■ Input data:
──────

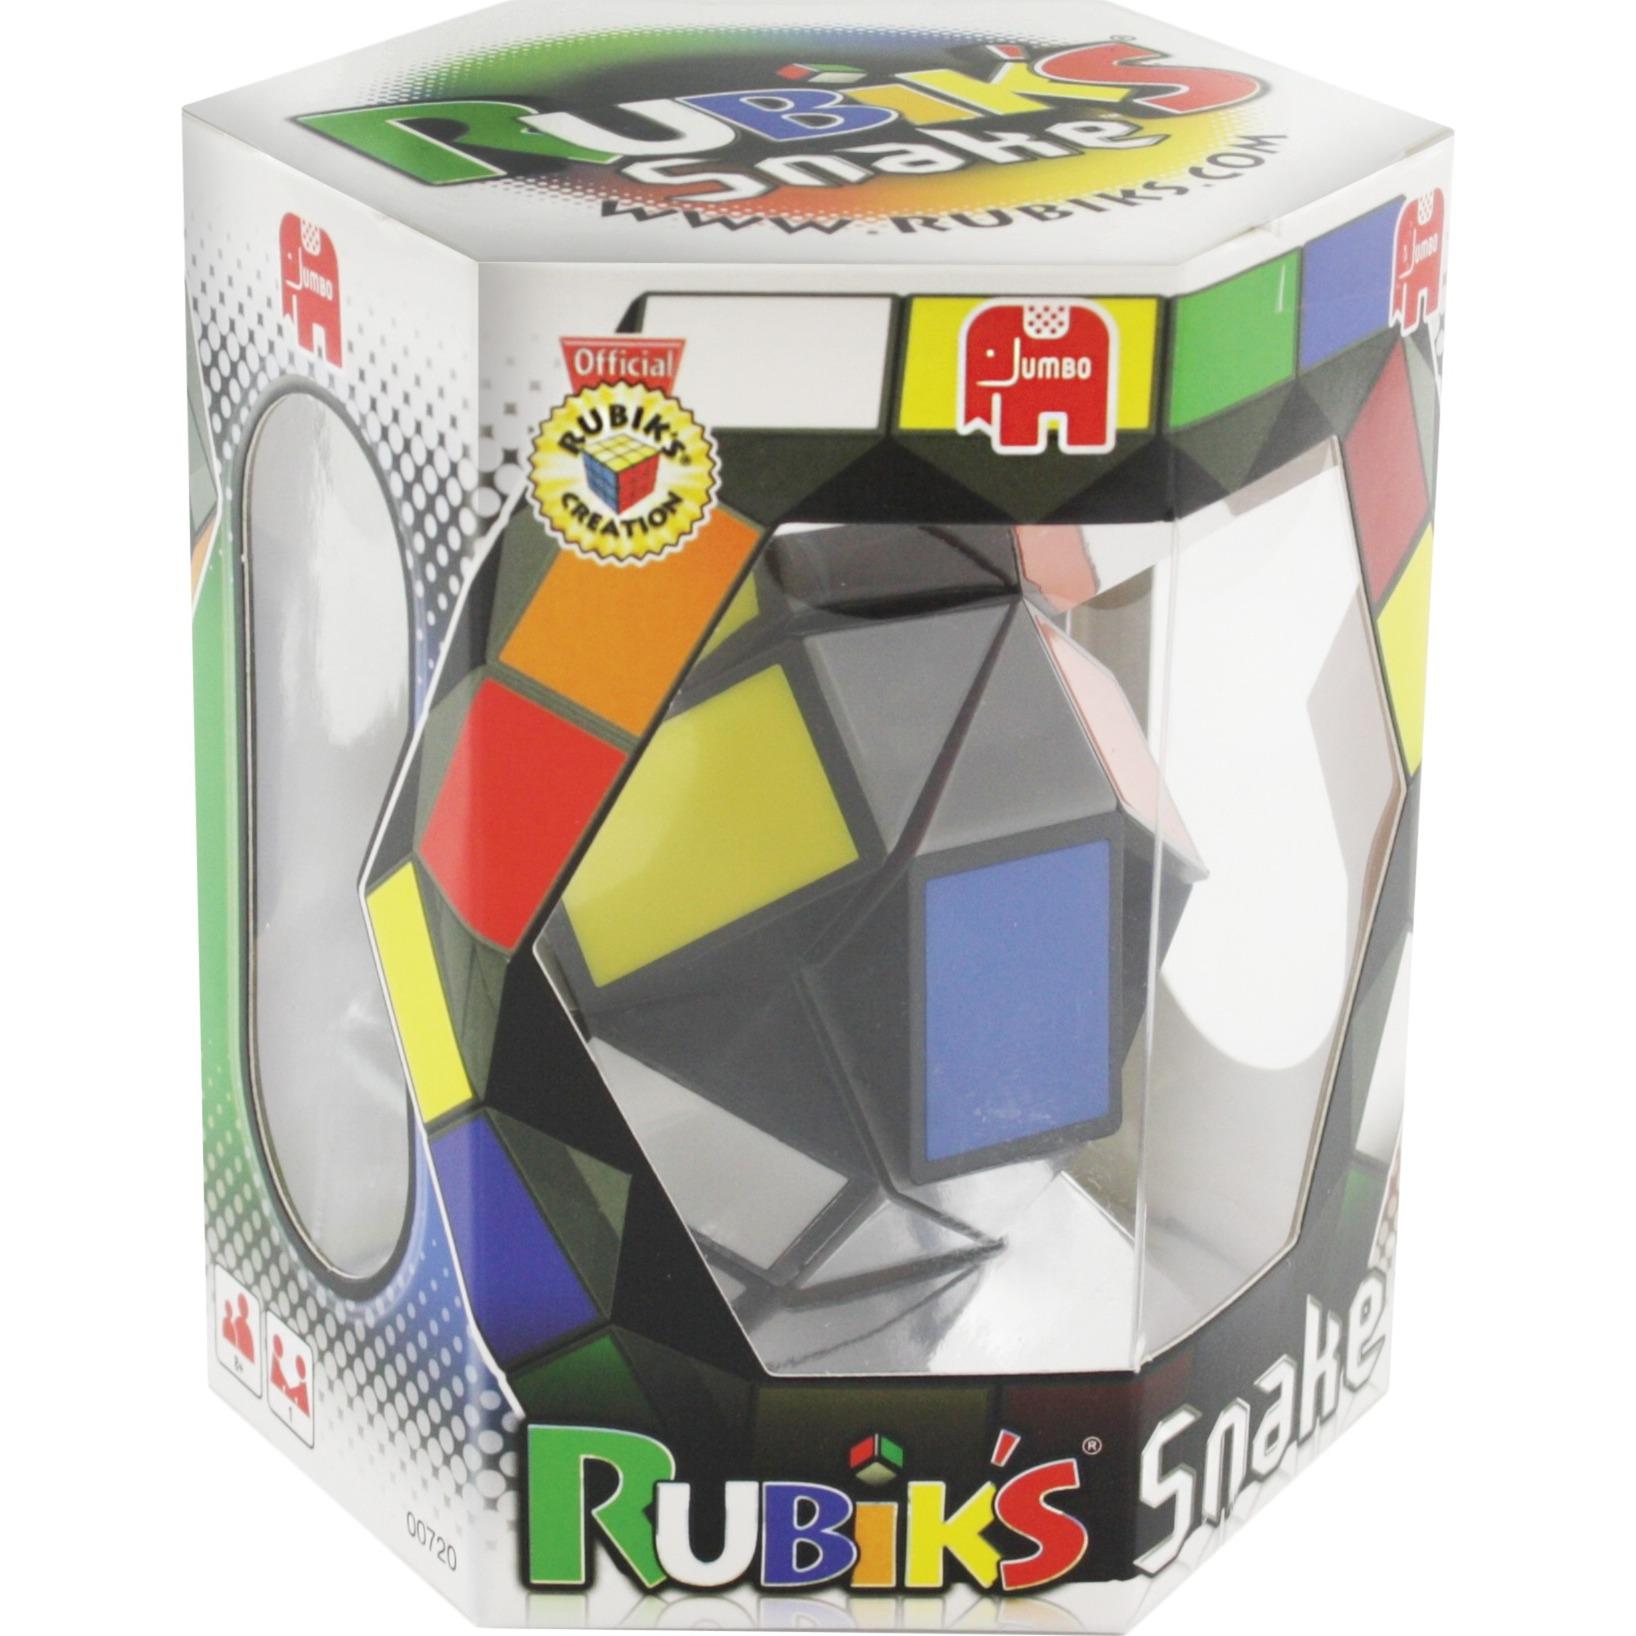 Rubik`s Snake, Jeu d'adresse
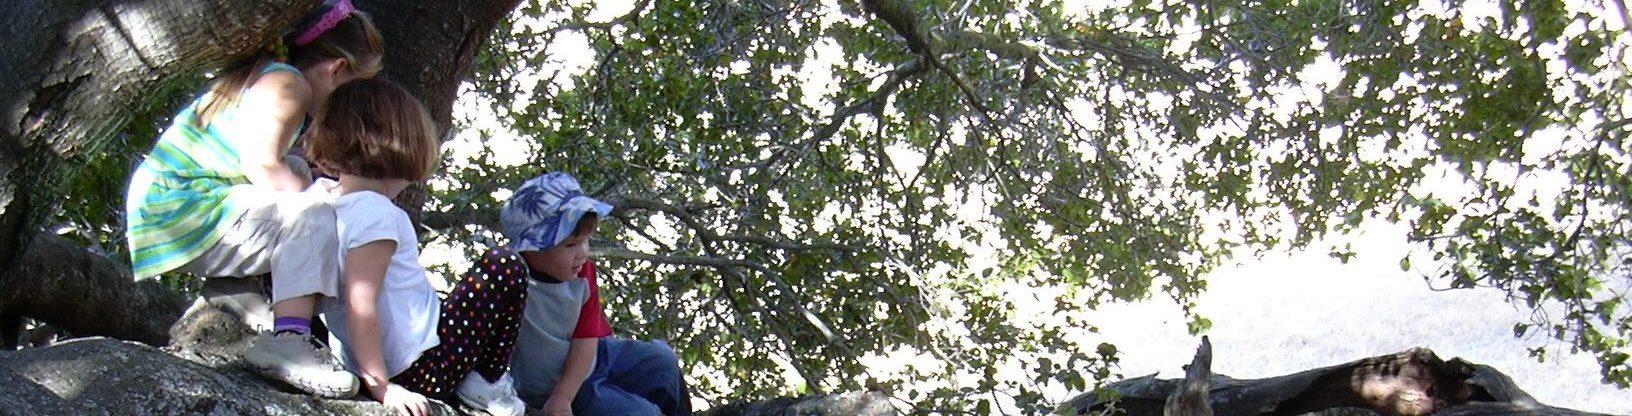 Hummingbird Hill Playgarden
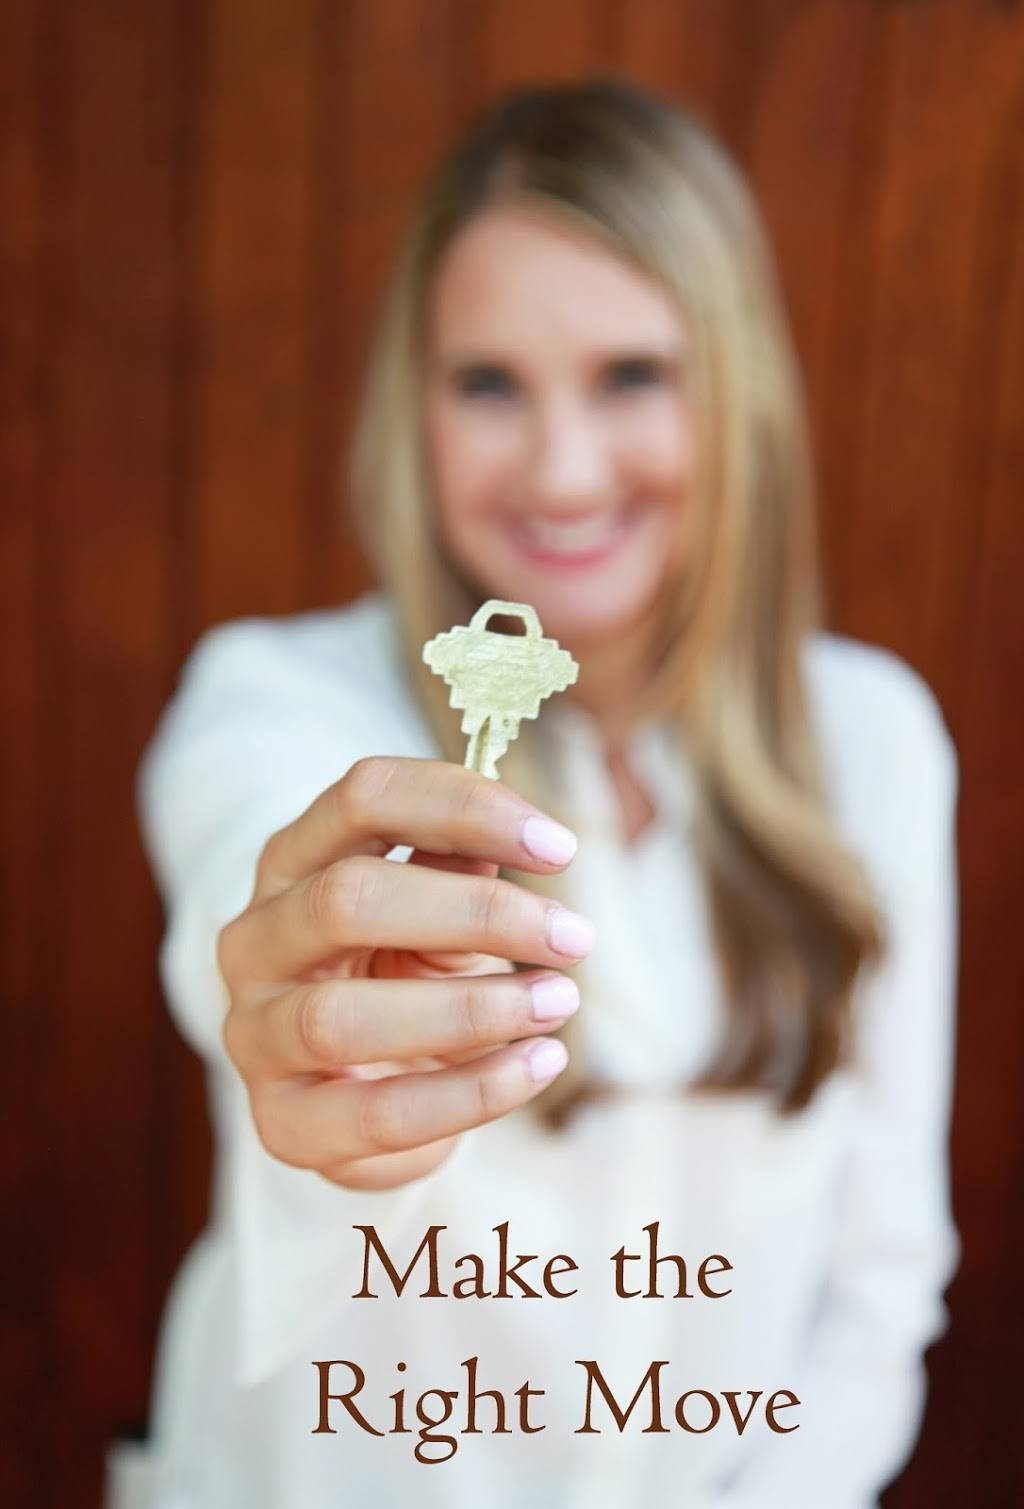 Marela Turkic - Marela Realty Group of Keller Williams - real estate agency  | Photo 4 of 5 | Address: 3150 N Elm St #101, Greensboro, NC 27408, USA | Phone: (336) 255-4078
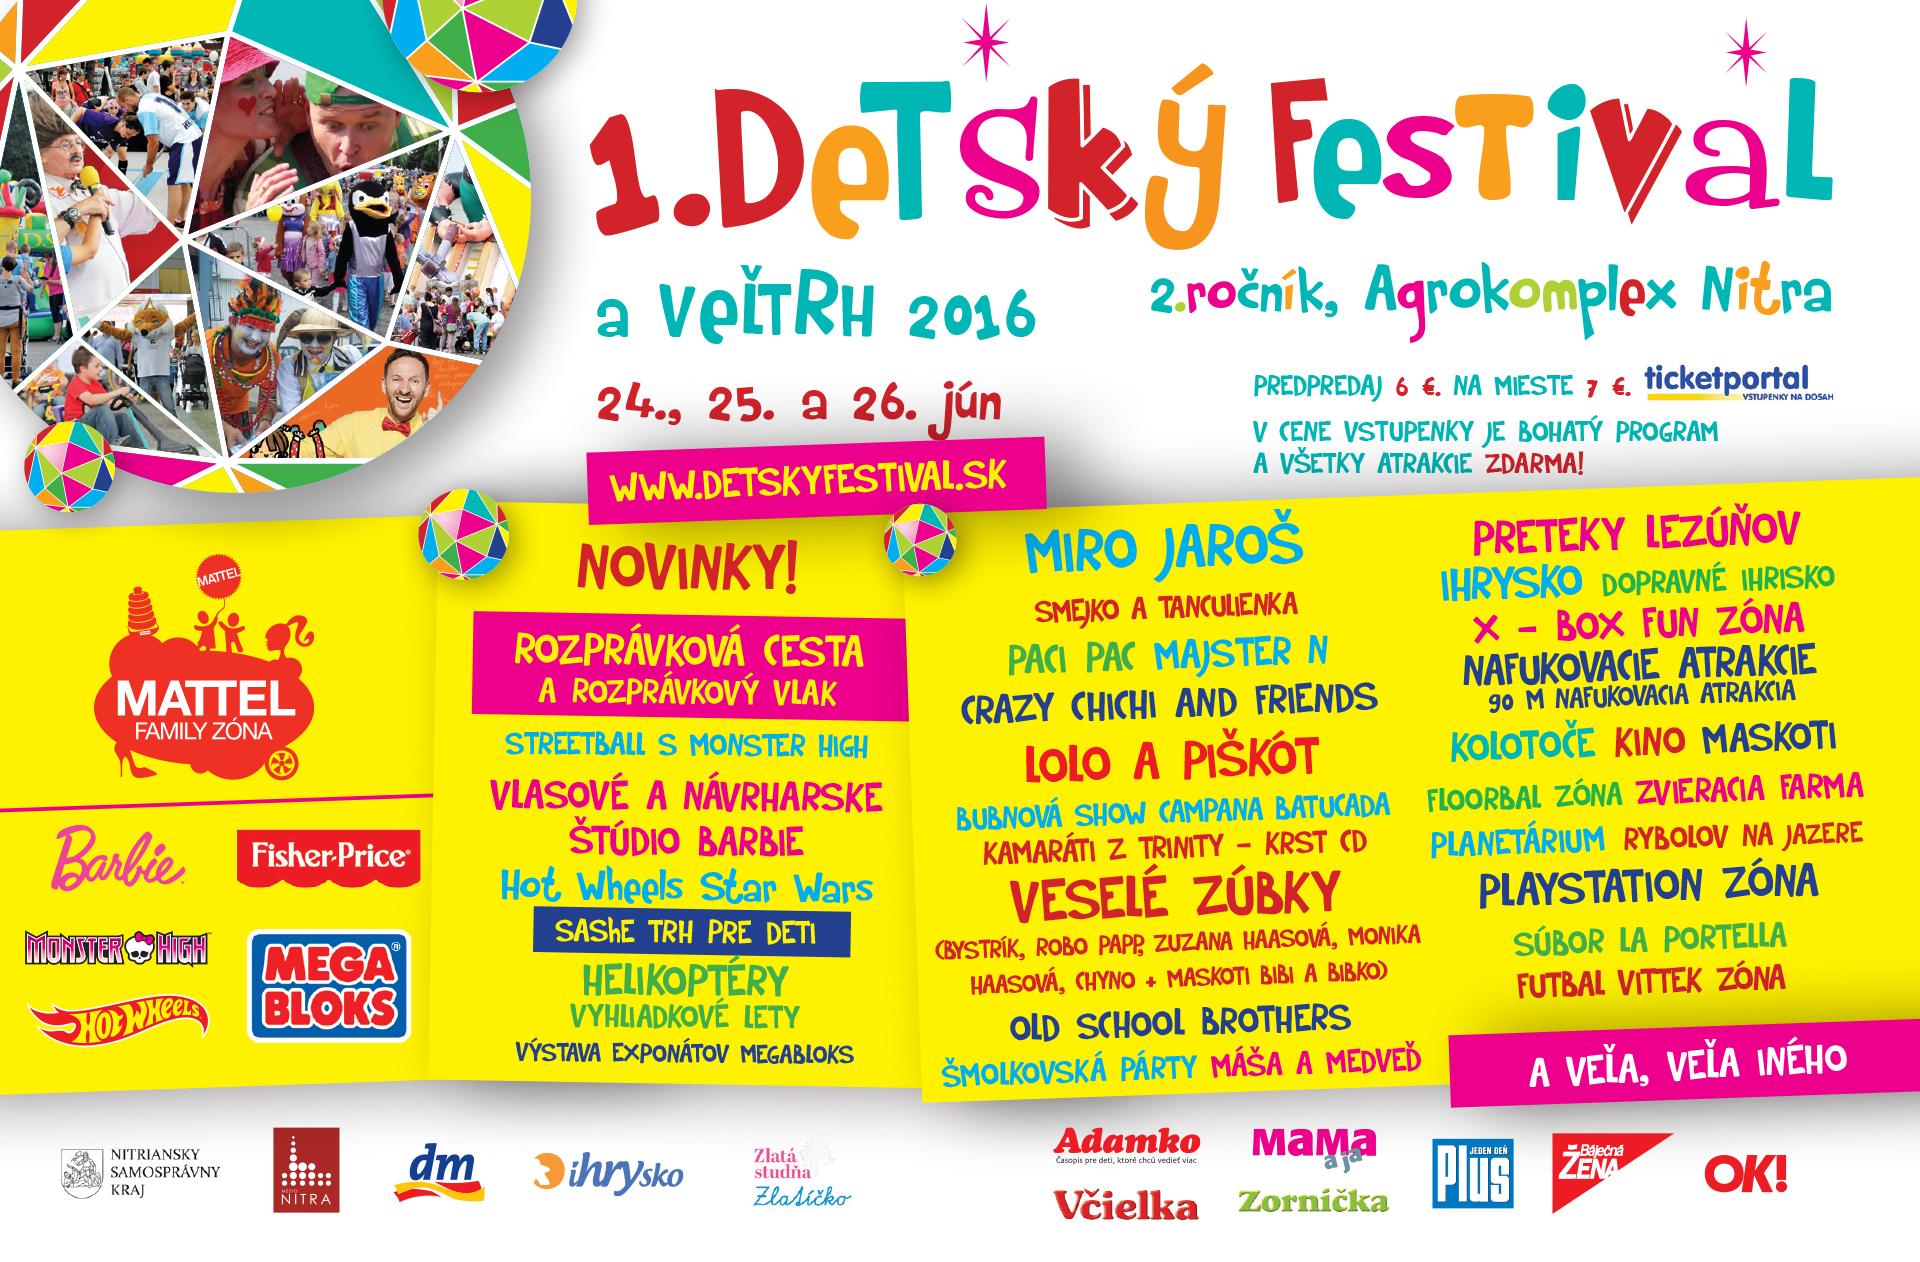 Detsky-festival-web

──────

■ Prompt: What is needed is an exact copy of the lines from the line with "Marela Turkic - Marela" to the end of the data above, both included, without any pictures.

■ Response to the task:
 Marela Turkic - Marela Realty Group of Keller Williams - real estate agency  | Photo 4 of 5 | Address: 3150 N Elm St #101, Greensboro, NC 27408, USA | Phone: (336) 255-4078
 Detsky-festival-web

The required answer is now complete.